Ощущение земной тряски оборвалось внезапно, но в воздухе самолет чуть-чуть провалился, как бы осев на секунду в яму, и сердце у Сыромукова тоже провалилось – он не переносил невесомости. В иллюминатор было видно накрененное крыло самолета, вернее, начальную его часть. Заклепок там хватало. Они отстояли одна от другой не дальше сантиметра, и Сыромуков оценил это как большое достоинство в самолетостроении – прочность ничему не вредила. Никогда. Хотя оконечность крыла не проглядывалась из-за тумана, Сыромуков решил, что заклепок там должно быть еще больше, раза в два. Наконец самолет пробился за пределы туч и сразу же перестал крениться и вздрагивать.
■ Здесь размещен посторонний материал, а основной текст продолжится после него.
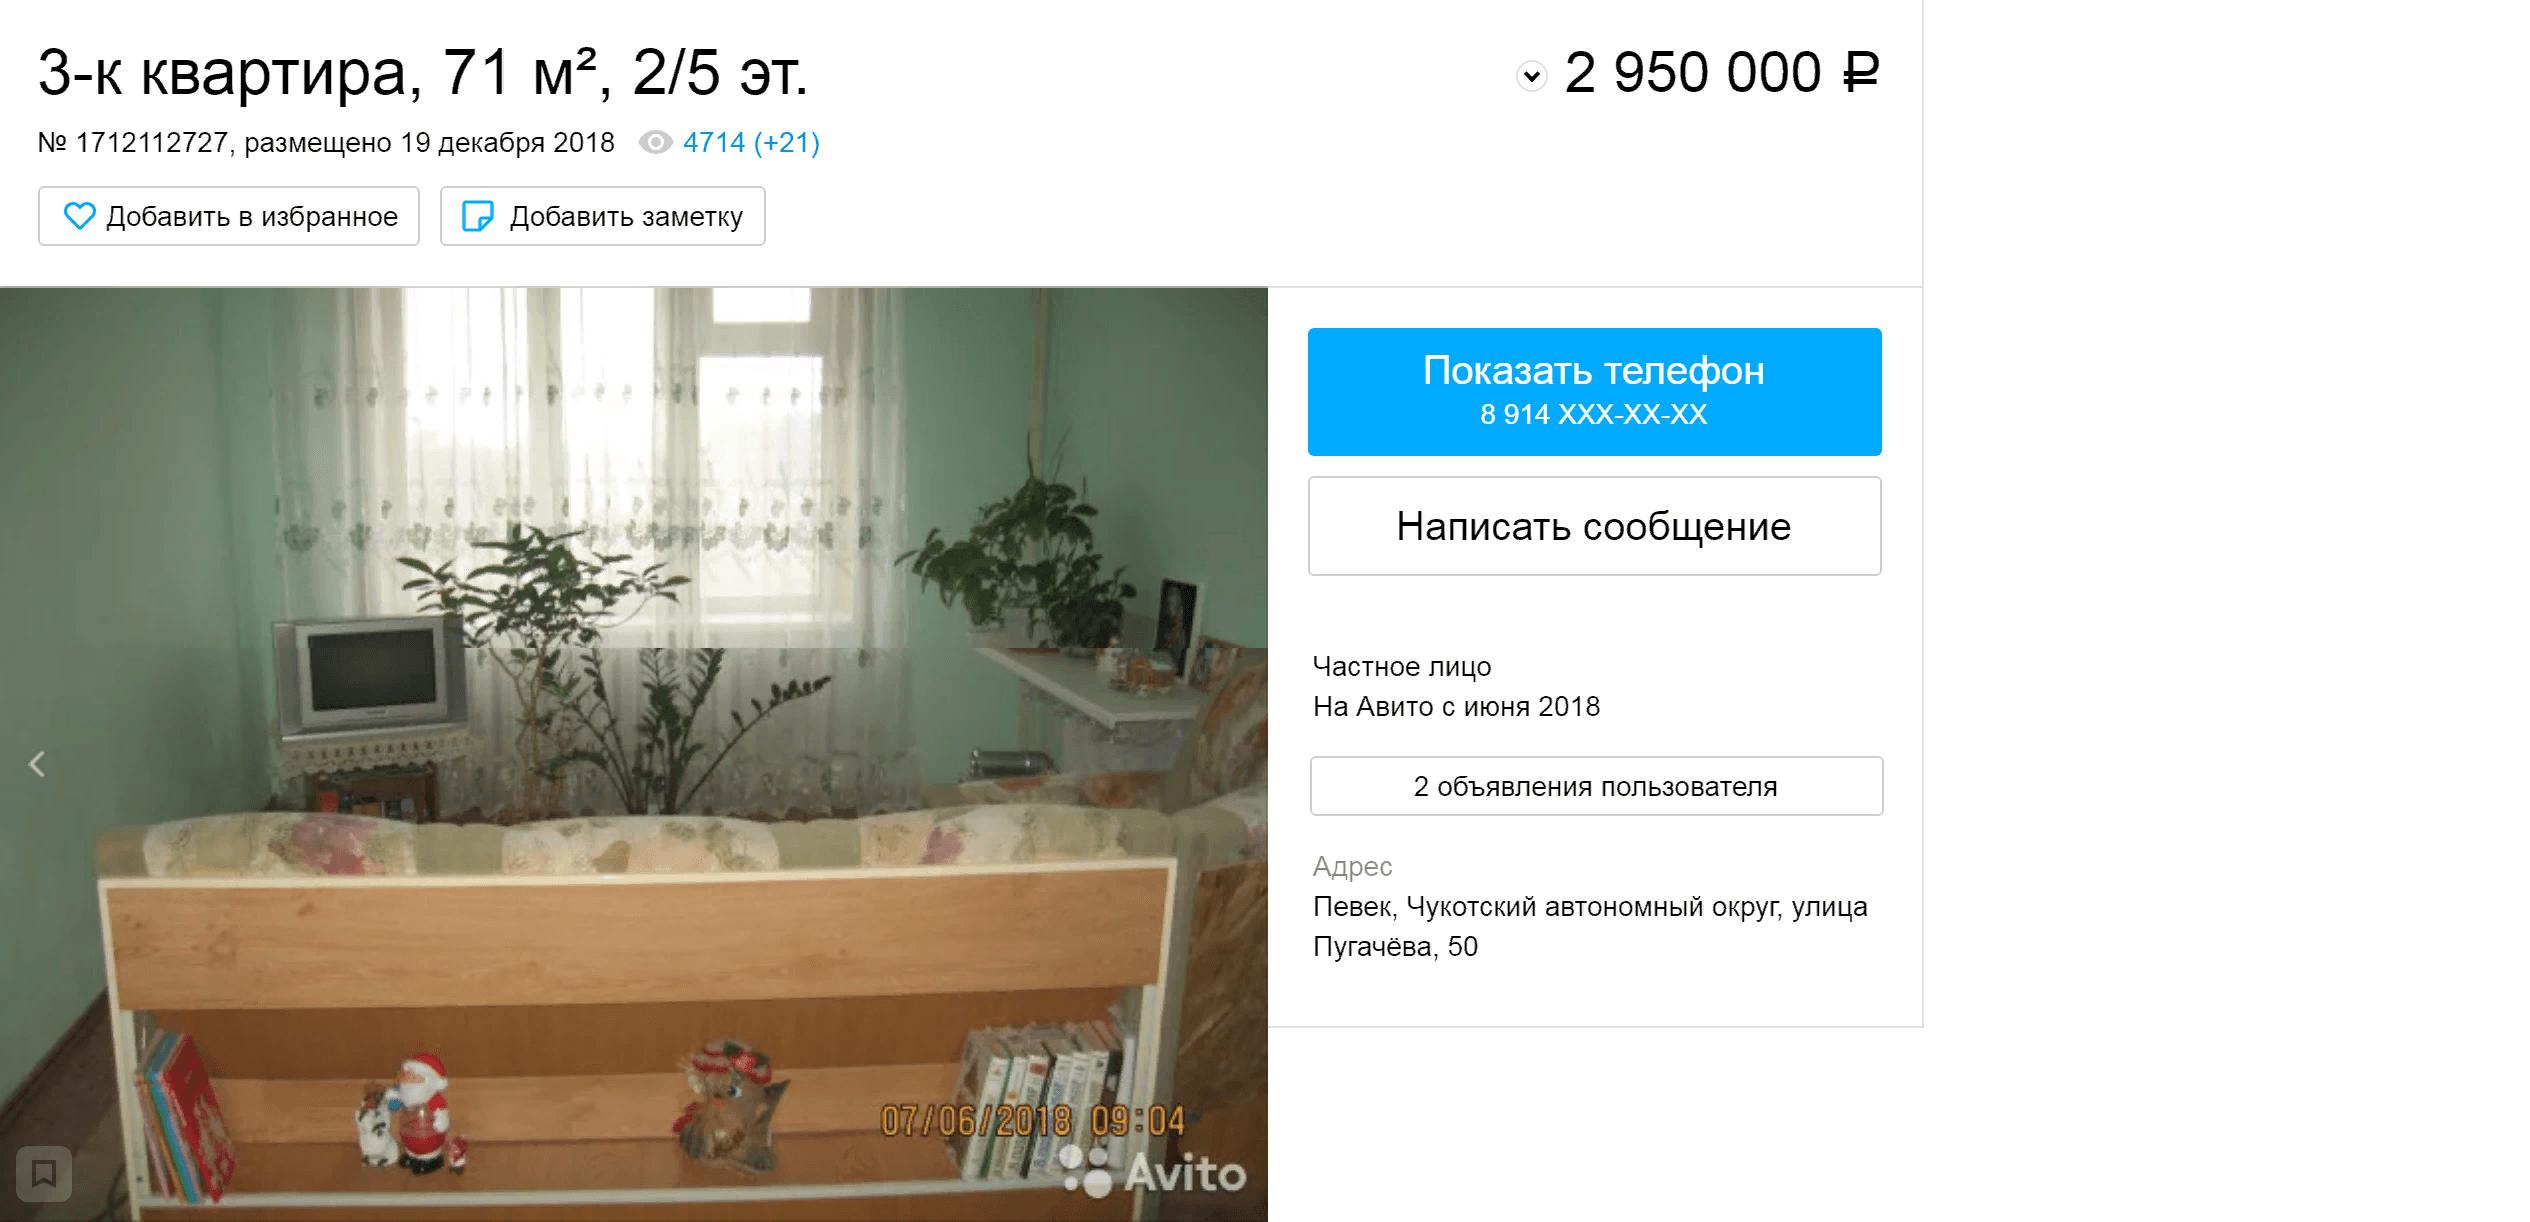 Трешка за 3 млн рублей. Объявление появилось в декабре 2018 года

Салон озарился солнечным светом, а табло погасло – разрешалось курить. «Княжна» по внутреннему радио хозяйски вежливо предупредила уважаемых пассажиров, что в полете воспрещается пользоваться фотоаппаратом, сообщила фамилию командира корабля, скорость и высоту полета, температуру воздуха за бортом: там было сорок четыре градуса.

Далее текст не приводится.